Microsoft Corp. said it plans to cut 10,000 jobs, or about 5% of its workforce this year, taking steps to cope with an increasingly bleak outlook that has now bruised many of the technology industry’s biggest companies.
The company will take a $1.2 billion charge in the second quarter related to the move, which will shave 12 cents off of earnings per share, the company said in a corporate filing. The layoffs come as the software giant said it’s seeing customers exercise caution, with some parts of the world in recession and others heading toward one. Microsoft is scheduled to report results on Jan. 24. and is forecast to post its slowest revenue increase in six years.
Speaking earlier in the day before the cuts were announced, Chief Executive Officer Satya Nadella cautioned the industry is going through a period of slowdown and will need to adjust.
“During the pandemic there was rapid acceleration. I think we’re going to go through a phase today where there is some amount of normalization in demand,” Nadella said in an interview at the World Economic Forum in Davos, Switzerland. “We will have to do more with less — we will have to show our own productivity gains with our own technology.”
Microsoft said the charge will go to severance costs, “changes to our hardware portfolio” and the cost of consolidating real estate leases as the company creates higher density across its workspaces. In a blog post and email to employees, Nadella said that even as the company is eliminating roles in some areas it will continue to hire in “key strategic areas.”
When it reports earnings on Jan. 24, Microsoft is expected to post a second-quarter sales gain of 2%. That would be the slowest quarterly revenue increase since fiscal 2017. Microsoft’s cloud-computing products have fueled a resurgence in growth in the past decade, but even that business has begun to decelerate.
Analysts had been predicting that Microsoft, which has weathered past slowdowns without massive job cuts, would feel the pinch this year.
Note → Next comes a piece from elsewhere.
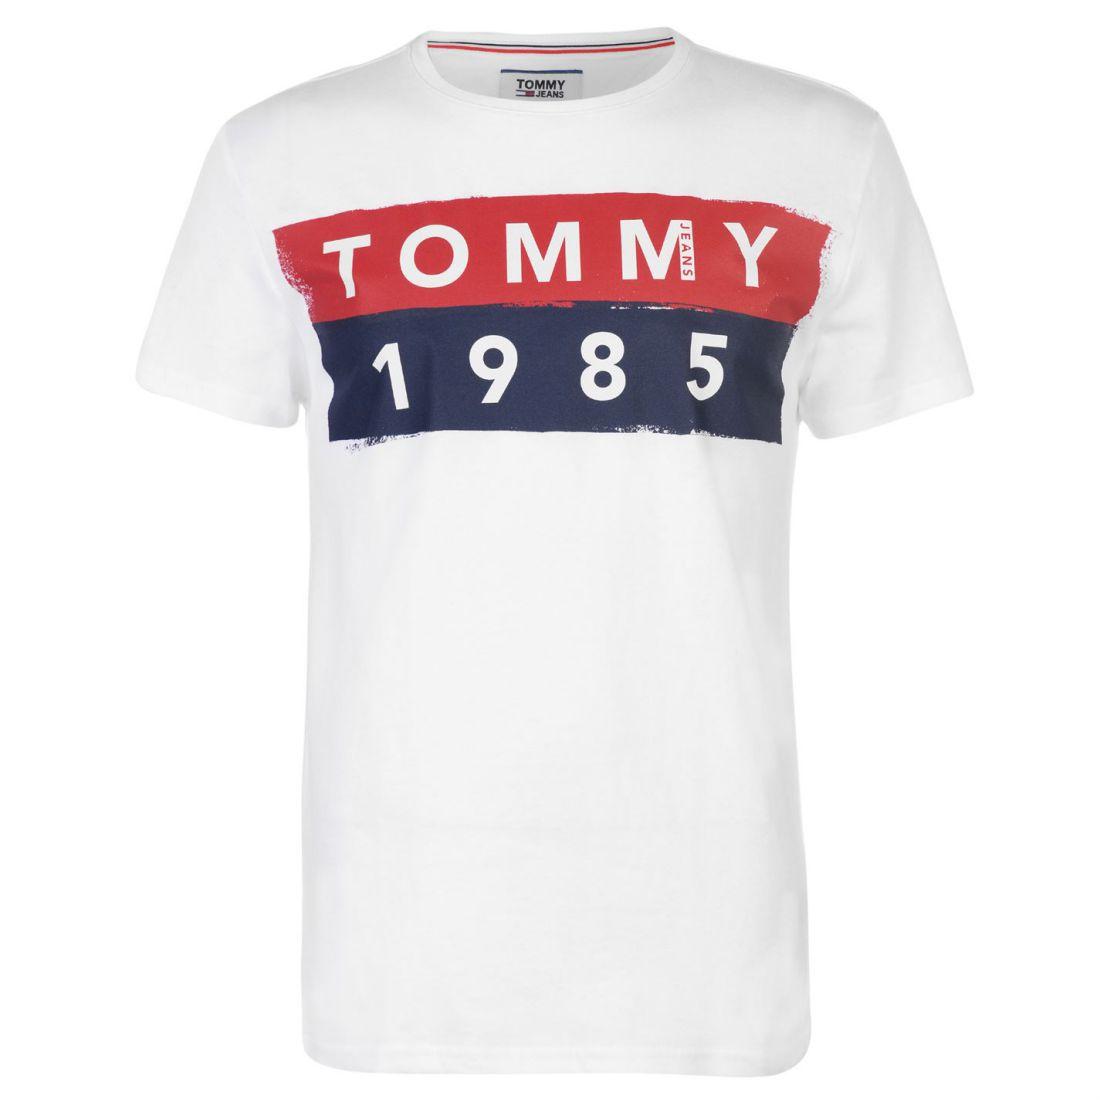 fd416649 Mens Tommy Jeans 1985 Logo T Shirt Crew Neck Short Sleeve New ...

On Tuesday the company was downgraded to sell from neutral at Guggenheim, the first bearish analyst rating on the software maker in more than three years.
Cloud rival and Seattle-area neighbor Amazon.com Inc. is set to begin a round of layoffs ultimately affecting more than 18,000 employees in the largest job cull in its history. Facebook parent Meta announced widespread job cuts last fall, and beleaguered social network Twitter Inc. has slashed about half its workforce. Corporate cloud-software maker Salesforce laid off about 10% of workers earlier this month.
Microsoft shares were little changed at $240.92 in New York on Wednesday morning.